All‐in‐one Xylella detection and identification: A nanopore sequencing‐compatible conventional PCR

Abstract

Xylella fastidiosa is a plant‐pathogenic bacterium that poses a serious threat to the production of economically important plant species including grapes, almonds, olives and a broad range of amenity plants, causing significant economic losses worldwide. While multiple molecular detection assays have been developed for X. fastidiosa, there is a lack of molecular tools available for detection and differentiation of the closely related pear pathogen, Xylella taiwanensis. In this study, we present a novel conventional PCR assay with primers that can amplify both Xylella species. The amplified product could be sequenced and used for discrimination between the two species and the subspecies within the fastidiosa species.
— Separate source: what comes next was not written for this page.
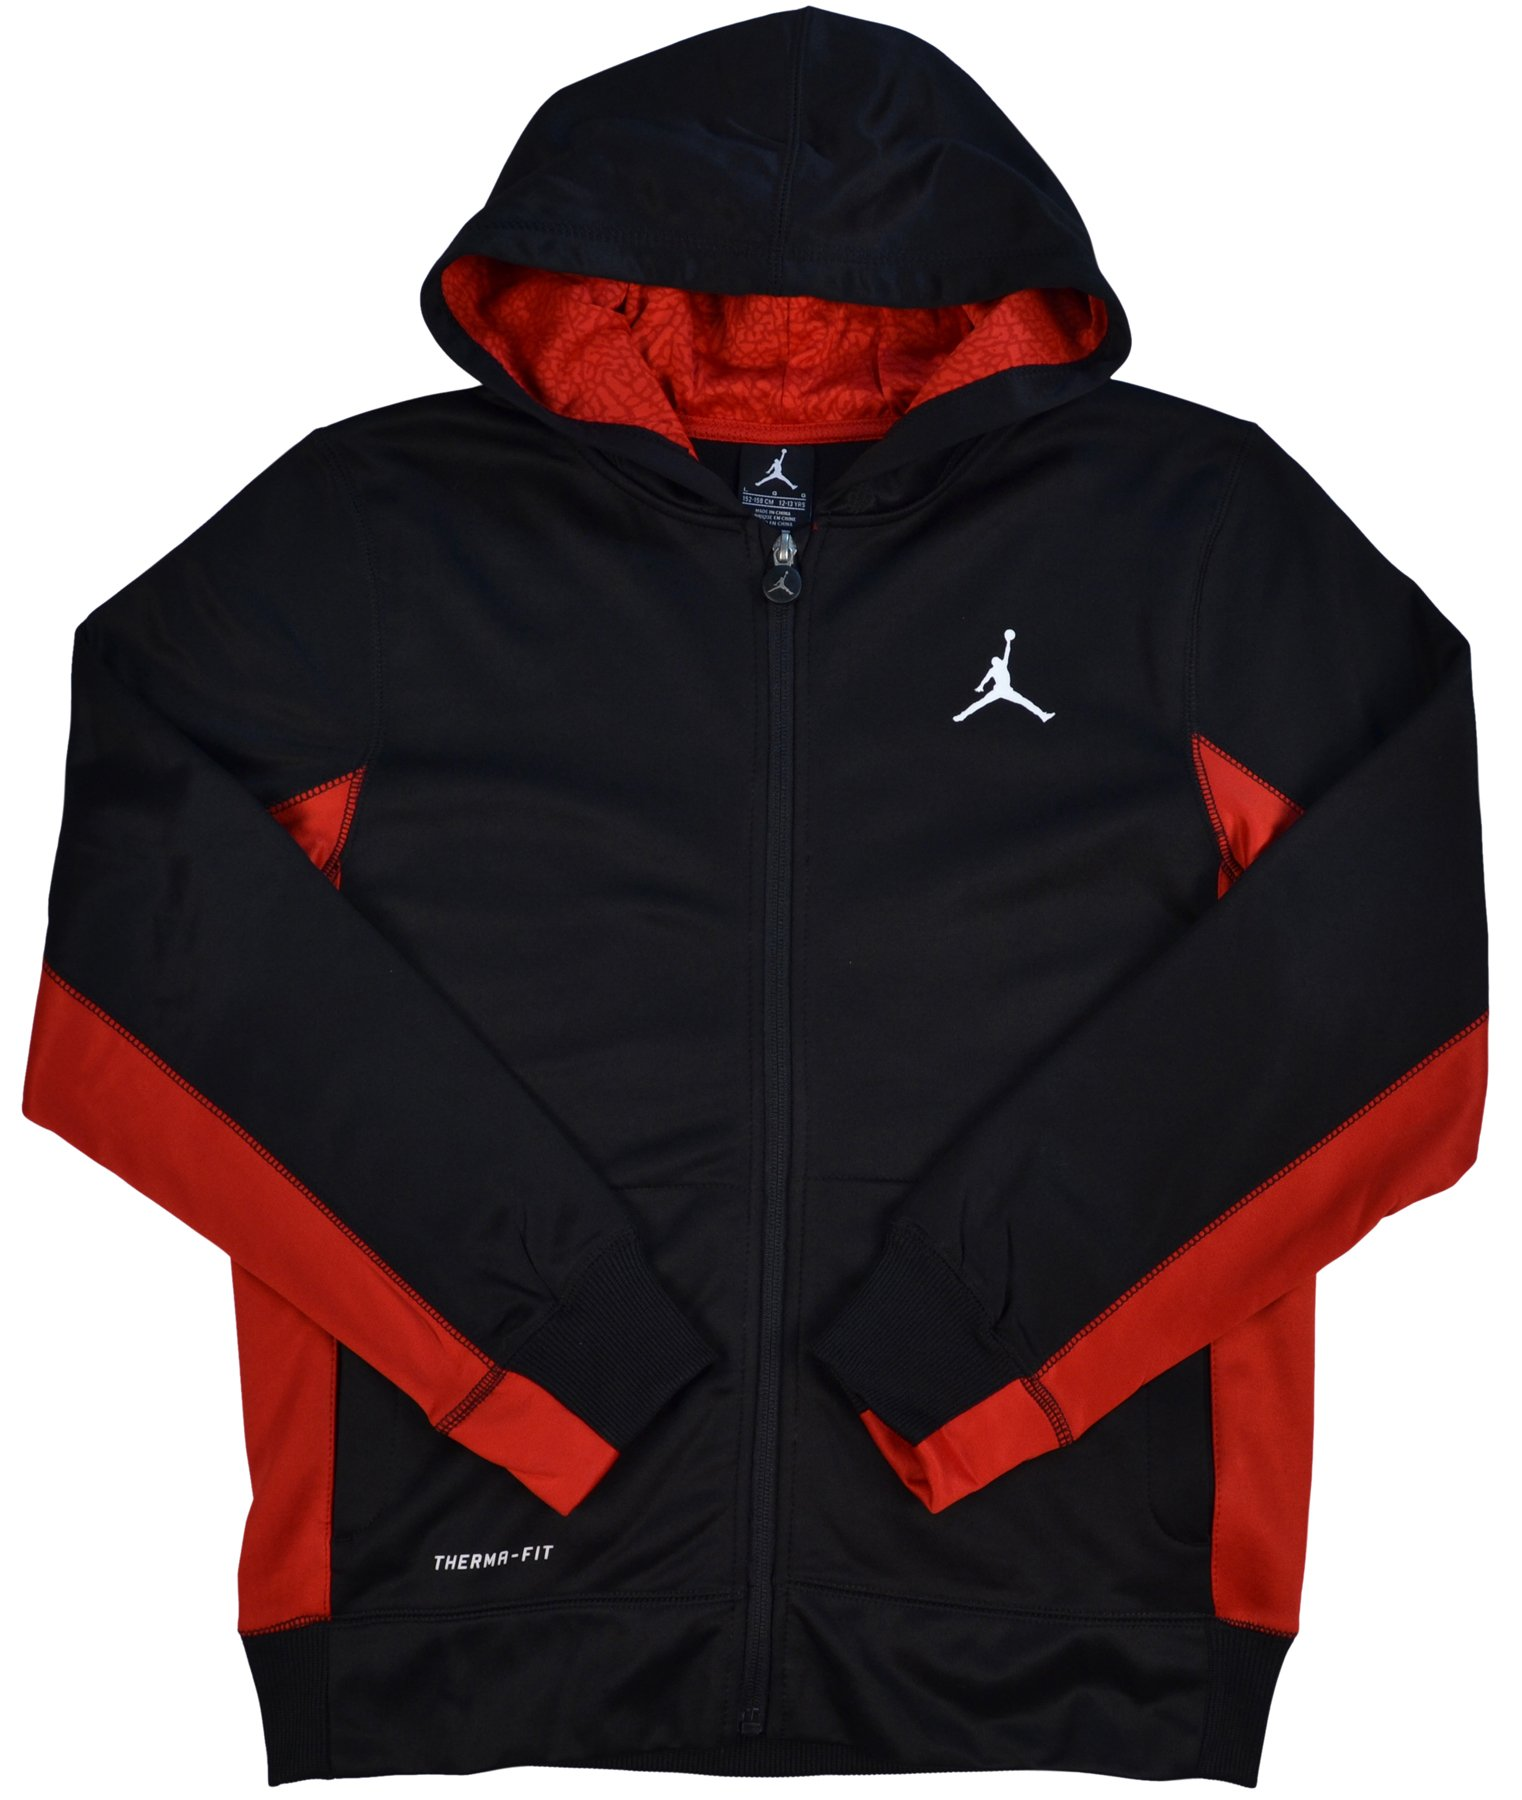 Nike Air Jordan Boys' Therma-Fit Jumpman Full Zip Hoodie (Black, X-Large)

This PCR assay was designed using a genome‐informed approach to target the ComEC/Rec2 gene of both Xylella species, ensuring a higher specificity than other previously developed PCR assays. A test performance study across five national plant diagnostic laboratories in Australia and New Zealand demonstrated this assay's high sensitivity and specificity to all known species and subspecies within the Xylella genus. This PCR assay can be used for Xylella identification at the species and subspecies level and is compatible with Sanger sequencing and nanopore sequencing for rapid turnaround time. The newly developed conventional PCR assay presented here offers rapid detection and accurate identification of both Xylella species from plant, insect vector or bacterial samples, enabling timely implementation of biosecurity measures or disease management responses.